O futebol teve um duro duelo contra o calor na recém-concluída Copa do Mundo de Clubes da FIFA nos Estados Unidos, uma prévia escaldante do que jogadores e torcedores podem enfrentar quando os EUA co-sediarem a Copa do Mundo com México e Canadá no próximo verão.
Com o aumento das temperaturas em todo o mundo, cientistas alertam que a realização da Copa do Mundo e de outros torneios de futebol no verão do Hemisfério Norte está se tornando cada vez mais perigosa para jogadores e espectadores. Alguns sugerem que a FIFA pode ter que considerar ajustar o calendário do futebol para reduzir o risco de doenças relacionadas ao calor.
"Quanto mais nos aprofundamos na década, maior o risco sem considerar medidas mais drásticas, como jogar nos meses de inverno e/ou em latitudes mais frias", disse o Prof.
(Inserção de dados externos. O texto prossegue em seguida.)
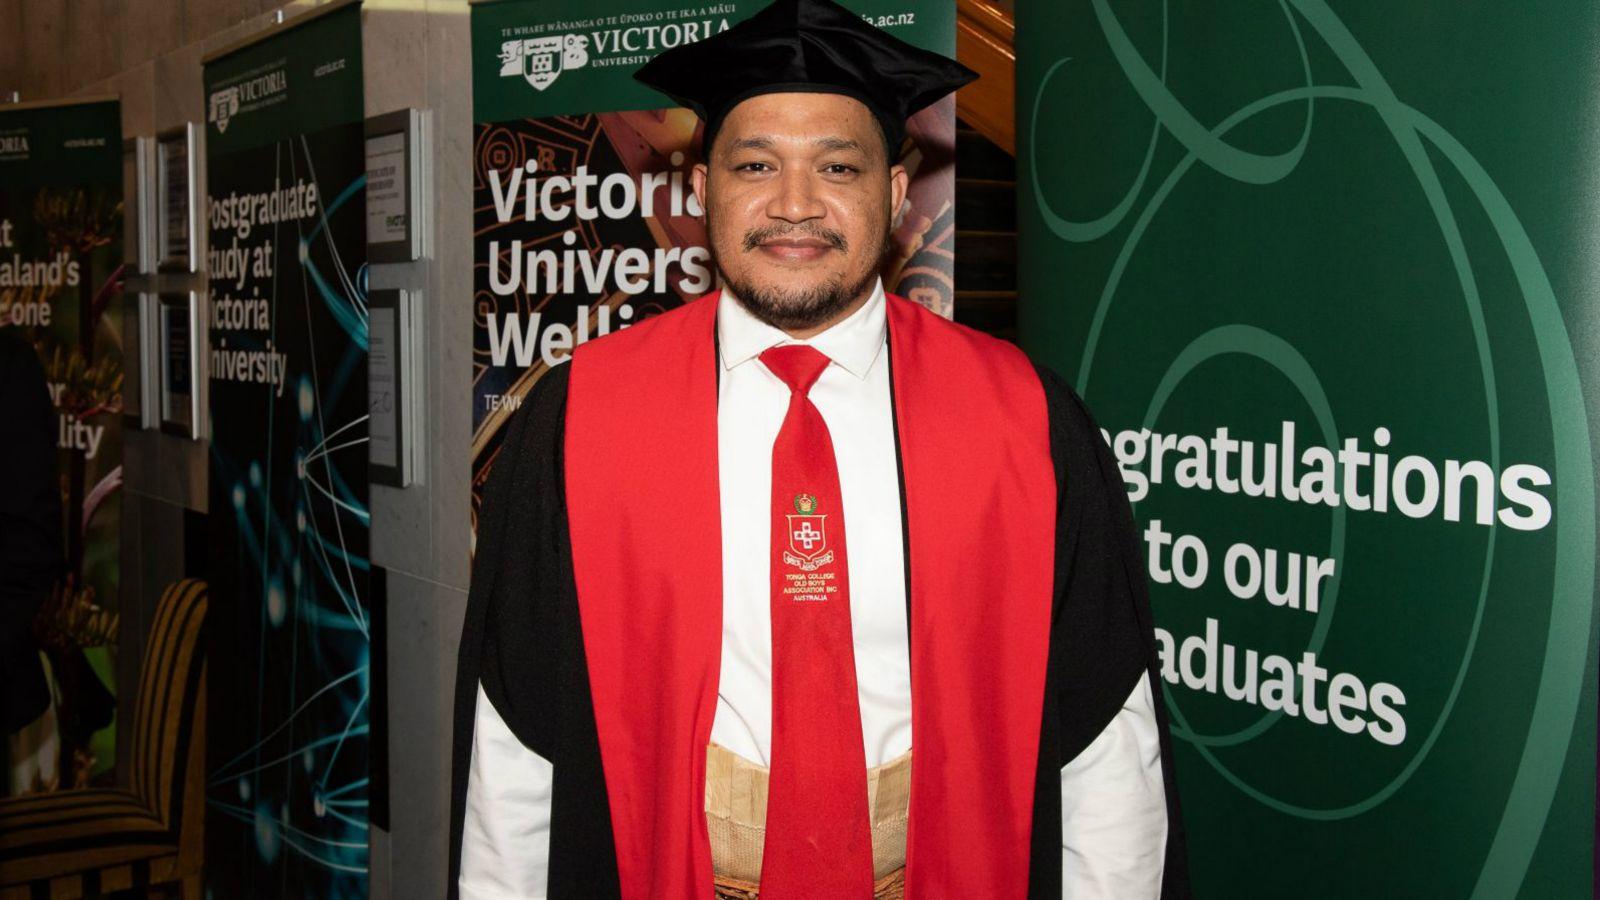 PhD graduate Taitusi Taufa, in graduation attire, stands in front of Victoria University of Wellington graduation banners

Piers Forster, diretor do Priestley Centre for Climate Futures em Leeds, Inglaterra. "Estou cada vez mais preocupado com a possibilidade de estarmos a apenas uma onda de calor de uma tragédia esportiva e gostaria de ver os órgãos reguladores se voltarem para a ciência do clima e da saúde."
Torneios de futebol em junho e julho são uma tradição que remonta à primeira Copa do Mundo, em 1930.
Desde então, o período de três meses de junho, julho e agosto aqueceu globalmente 1,05 °C, de acordo com a Administração Oceânica e Atmosférica Nacional dos EUA. Enquanto isso, as temperaturas do verão europeu aumentaram 1,81 °C. A taxa de aquecimento tem acelerado desde a década de 1990.
Cientistas do clima dizem que esse é um fator que precisa ser considerado ao praticar esportes ao ar livre de alta intensidade, como futebol.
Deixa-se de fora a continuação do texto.